Recorded information
======

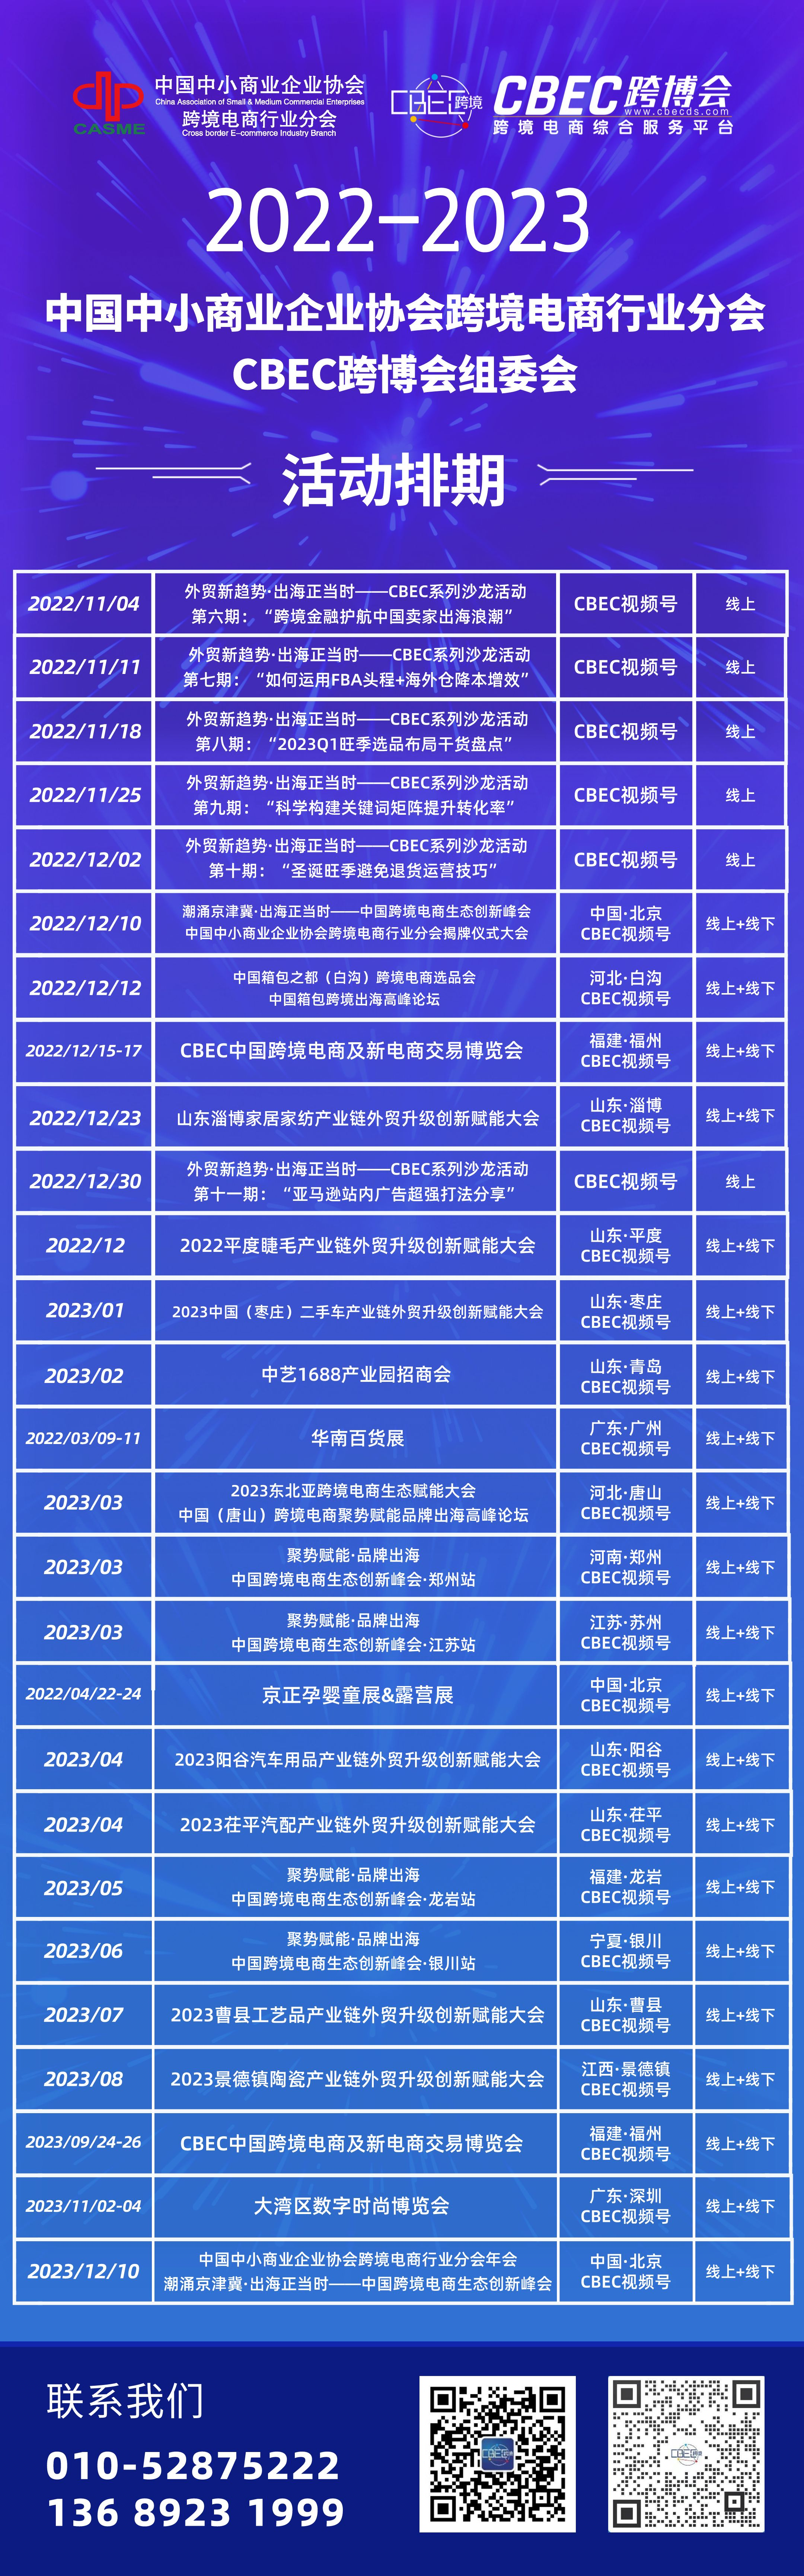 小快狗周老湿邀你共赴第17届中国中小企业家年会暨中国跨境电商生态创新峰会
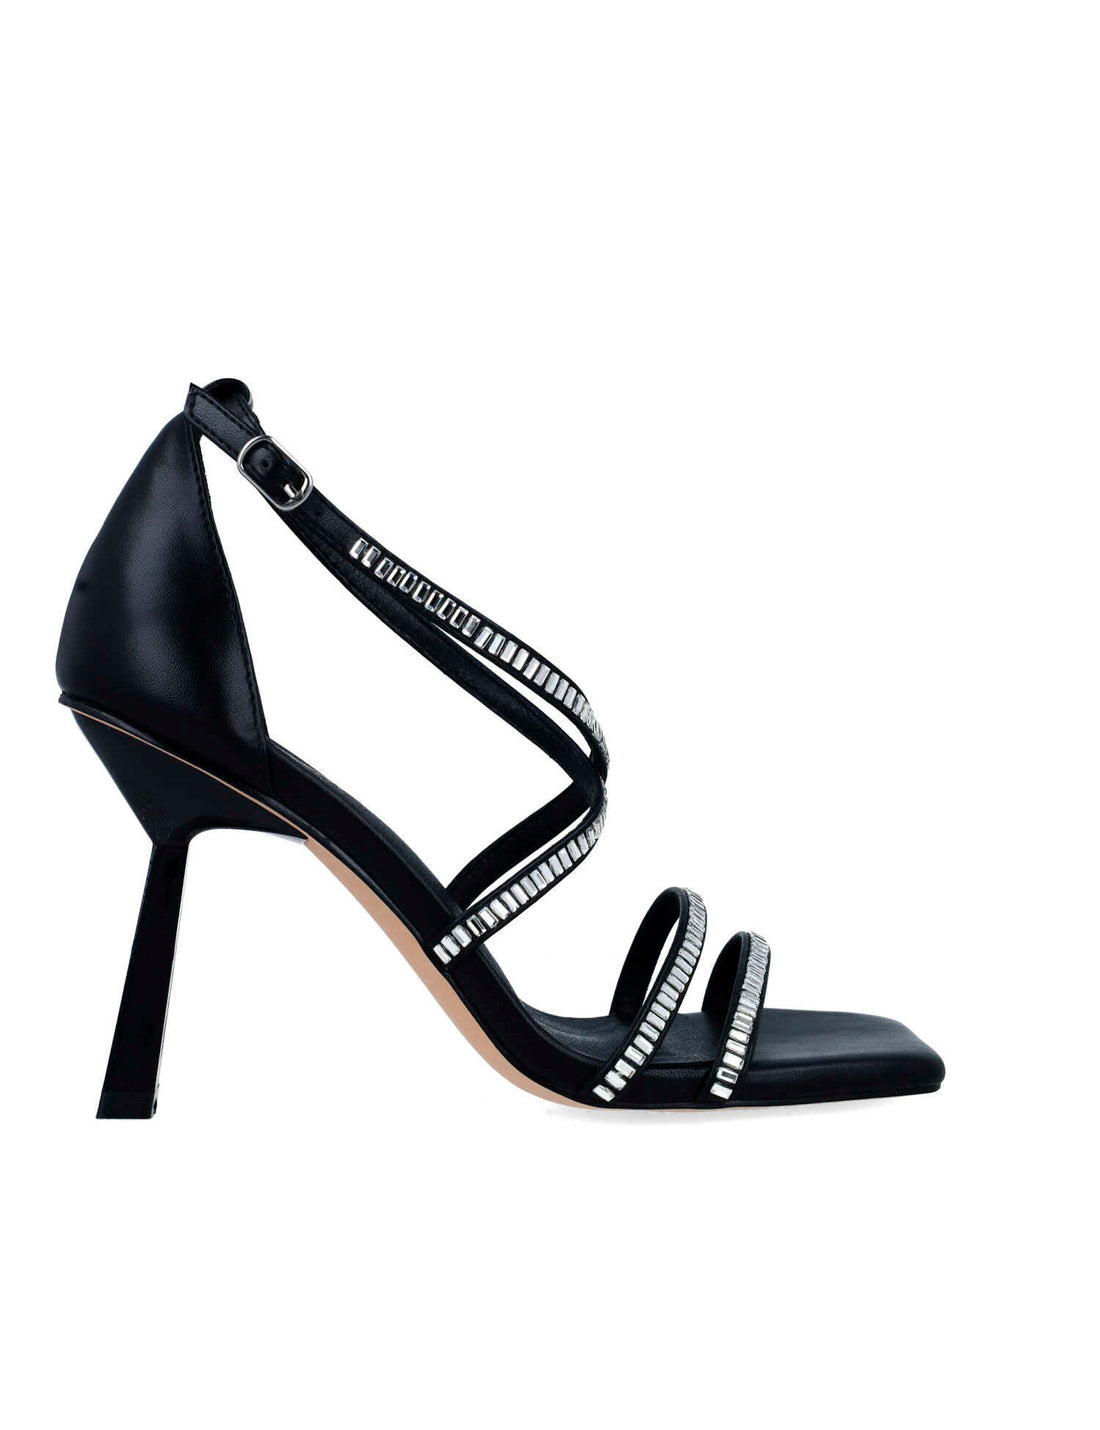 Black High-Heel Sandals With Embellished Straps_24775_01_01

======

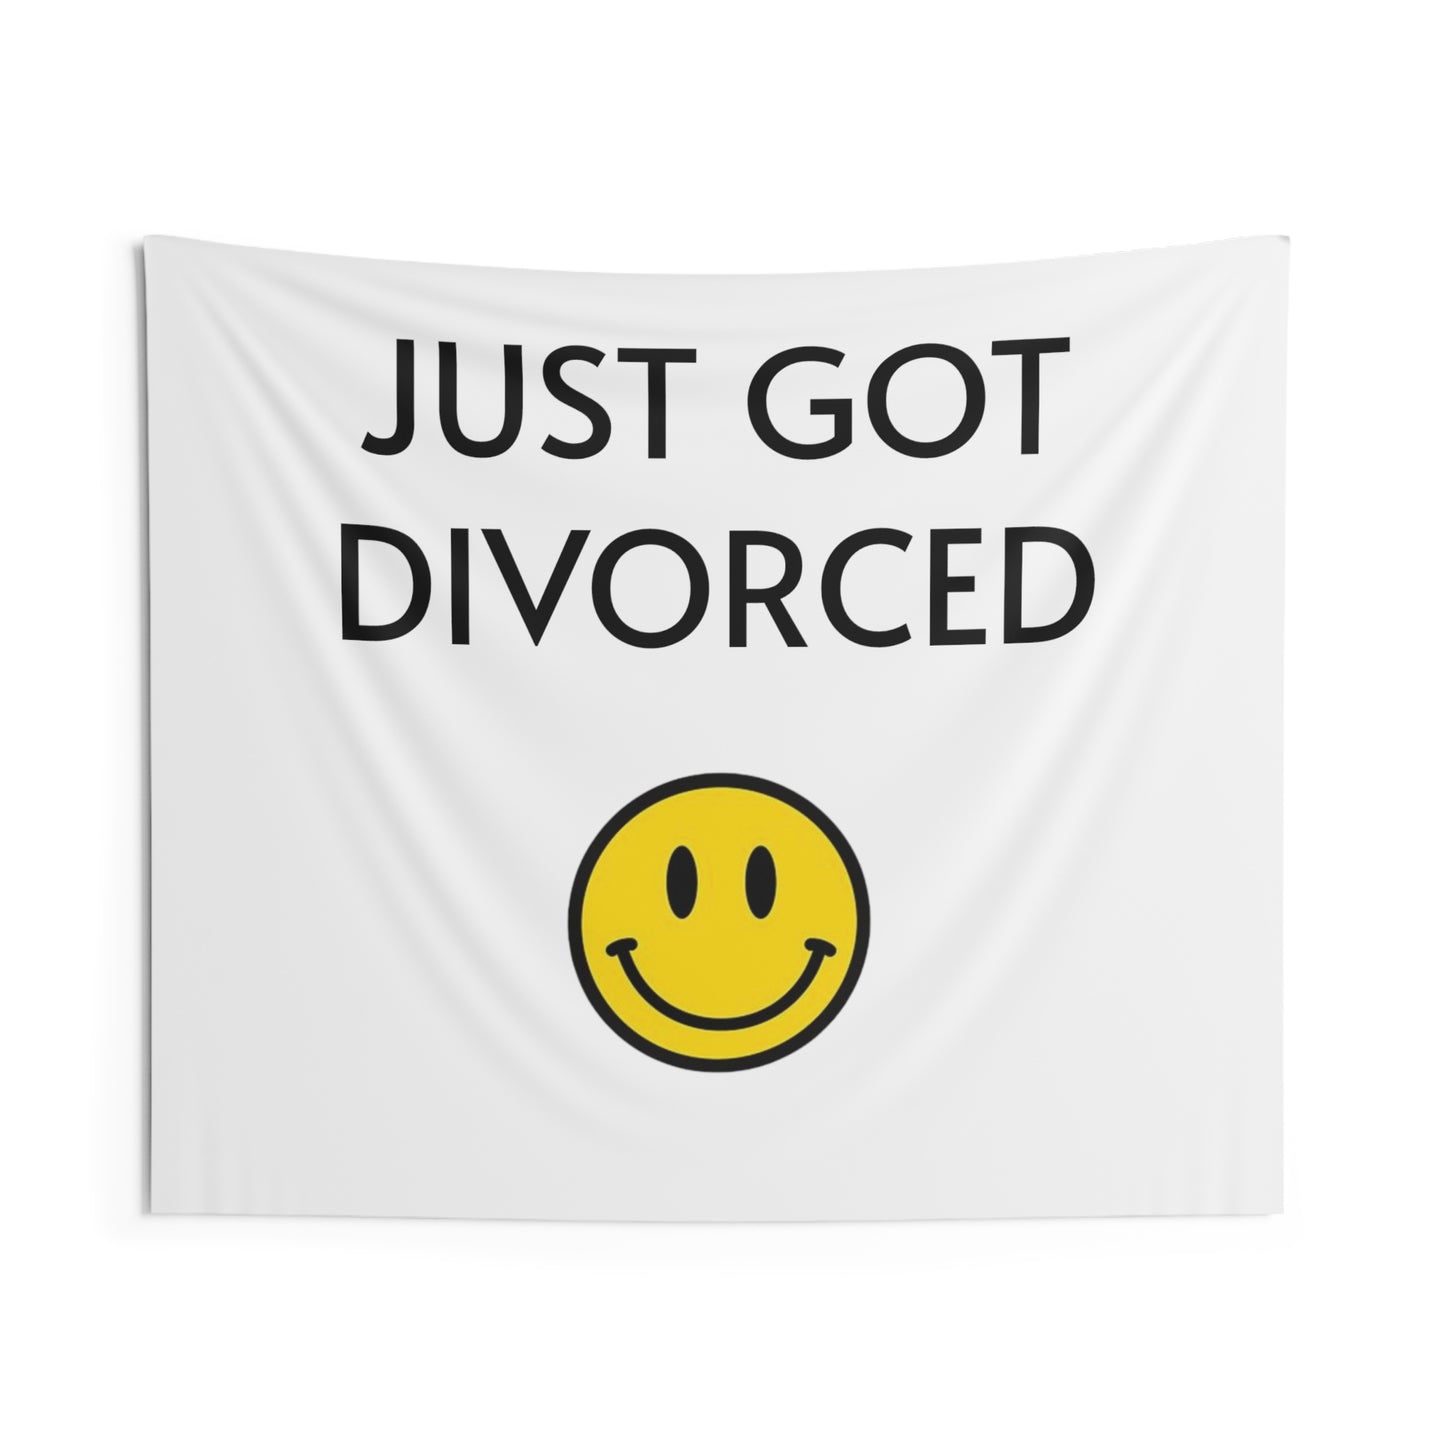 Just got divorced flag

======

About this task
Of all the material above, only the lines from the one that has "小快狗周老湿邀你共赴第17届中国中小企业家年会暨中国跨境电商生态创新峰会" down to the one that has "Black High-Heel Sandals" are to be written out, exactly and with both ends included. Pictures are skipped.

Result for this task
 小快狗周老湿邀你共赴第17届中国中小企业家年会暨中国跨境电商生态创新峰会
 Black High-Heel Sandals With Embellished Straps_24775_01_01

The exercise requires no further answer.